You can create a sparse file easily with dd(1) like so:

$ dd if=/dev/zero of=/xenophanes/disk.img bs=1024k seek=149k count=1


bs is block size, 1kb. seek is the number of blocks to skip ( and is equal to the size of the drive in kb, because of the previous bs= line ), and count tells dd(1) to copy one block.

and we can create a device like so:

# lofiadm -a /xenophanes/disk.img
/dev/lofi/1


So, to recap, here's what we have. We have a zpool, two spare disks ( c2d0 and c4d1 ) and a sparse file the size of those disks hooked up with lofi. And if you'll notice, that's precisely what we need.

From here out, we need to create the raidz, degrade it ( otherwise we'll fill up a sparse file that's the same size as the other disk, it'll run out of space, stuff will break... it won't be pretty )

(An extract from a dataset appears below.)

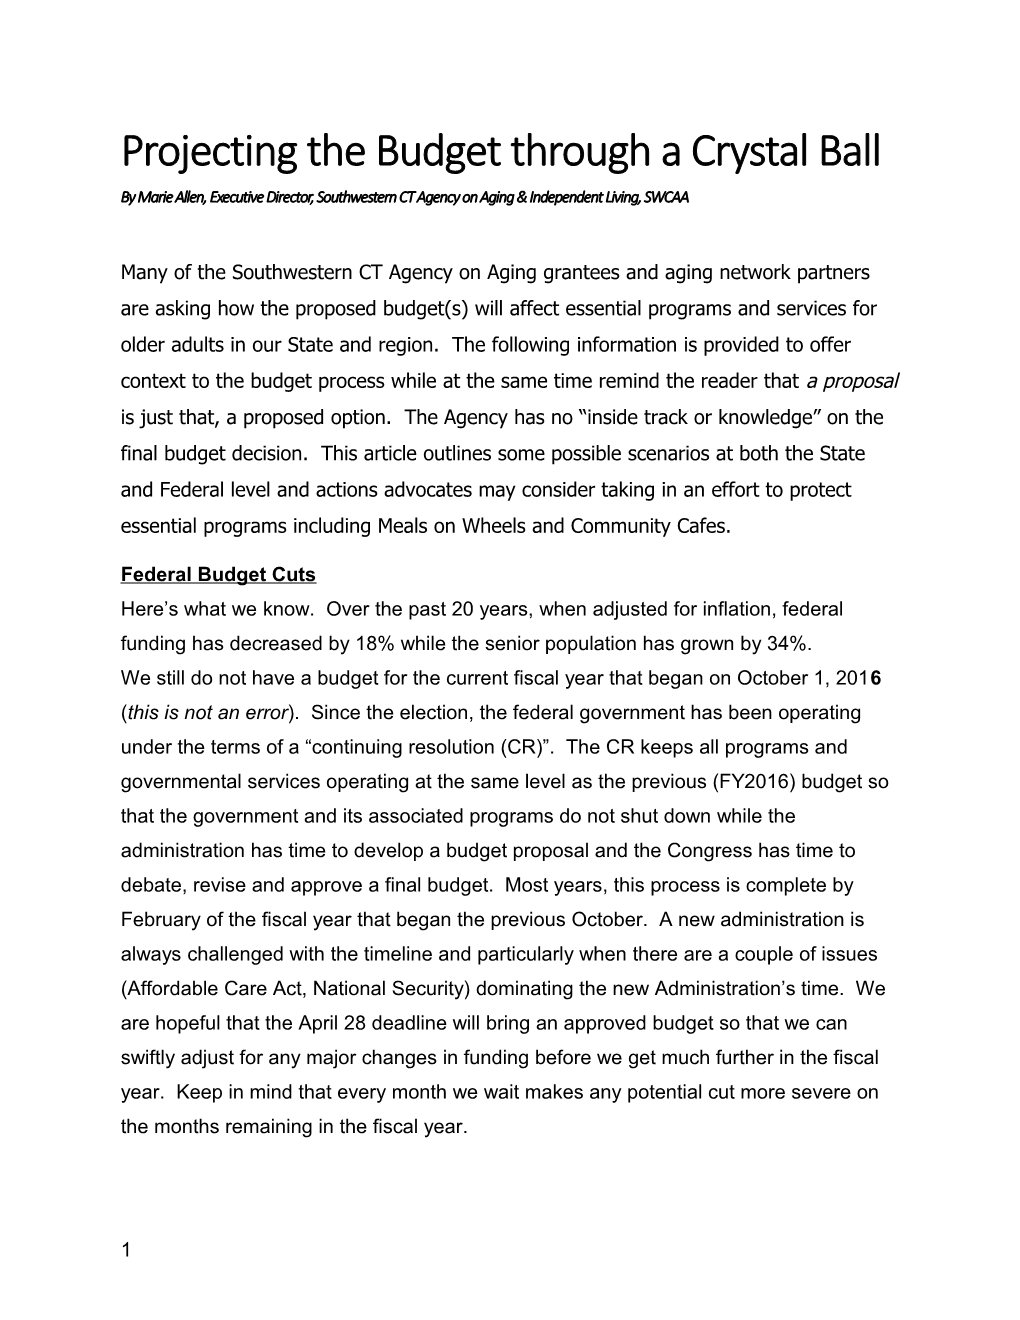 Projecting the Budget Through a Crystal Ball
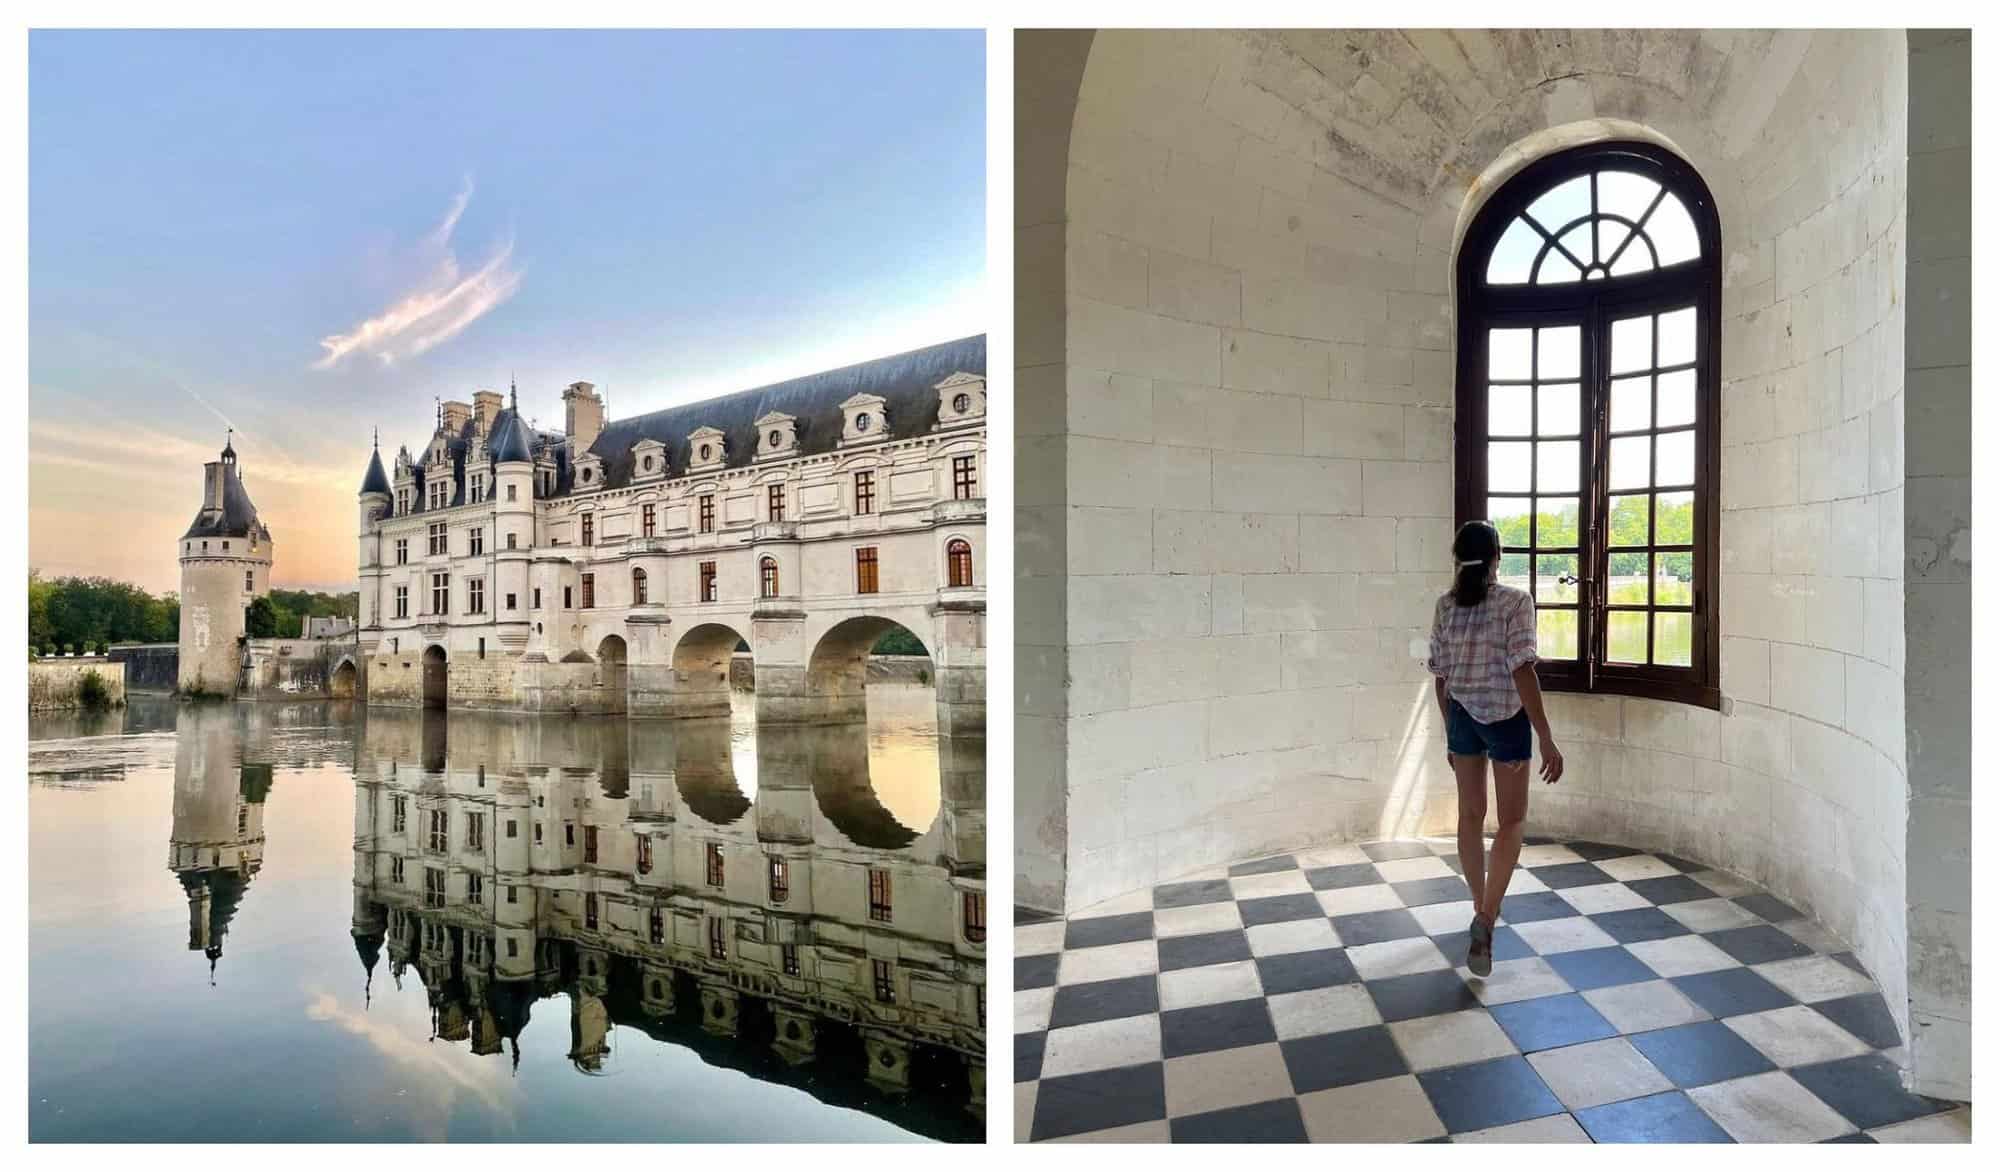 Left: Château de Chenonceau is reflected in the nearby water. Right: Woman looks out of large window inside Château de Chenonceau

# zpool create heraclitus raidz c2d0 c4d1 /dev/lofi/1

ta da! a raidz. Now let's break it.

# zpool offline heraclitus /dev/lofi/1 && lofiadm -d /dev/lofi/1 && rm /xenophanes/disk.img

and here's what we get:

# zpool status
pool: heraclitus
state: DEGRADED
status: One or more devices has been taken offline by the administrator.
Sufficient replicas exist for the pool to continue functioning in a
degraded state.
action: Online the device using 'zpool online' or replace the device with
'zpool replace'.
scrub: none requested
config:

NAME STATE READ WRITE CKSUM
heraclitus DEGRADED 0 0 0
raidz1 DEGRADED 0 0 0
/dev/lofi/1 OFFLINE 0 0 0
c4d1 ONLINE 0 0 0
c2d0 ONLINE 0 0 0

errors: No known data errors

pool: xenophanes
state: ONLINE
scrub: none requested
config:

NAME STATE READ WRITE CKSUM
xenophanes ONLINE 0 0 0
c3d0 ONLINE 0 0 0

errors: No known data errors


as you can see, heraclitus is degraded, but operational.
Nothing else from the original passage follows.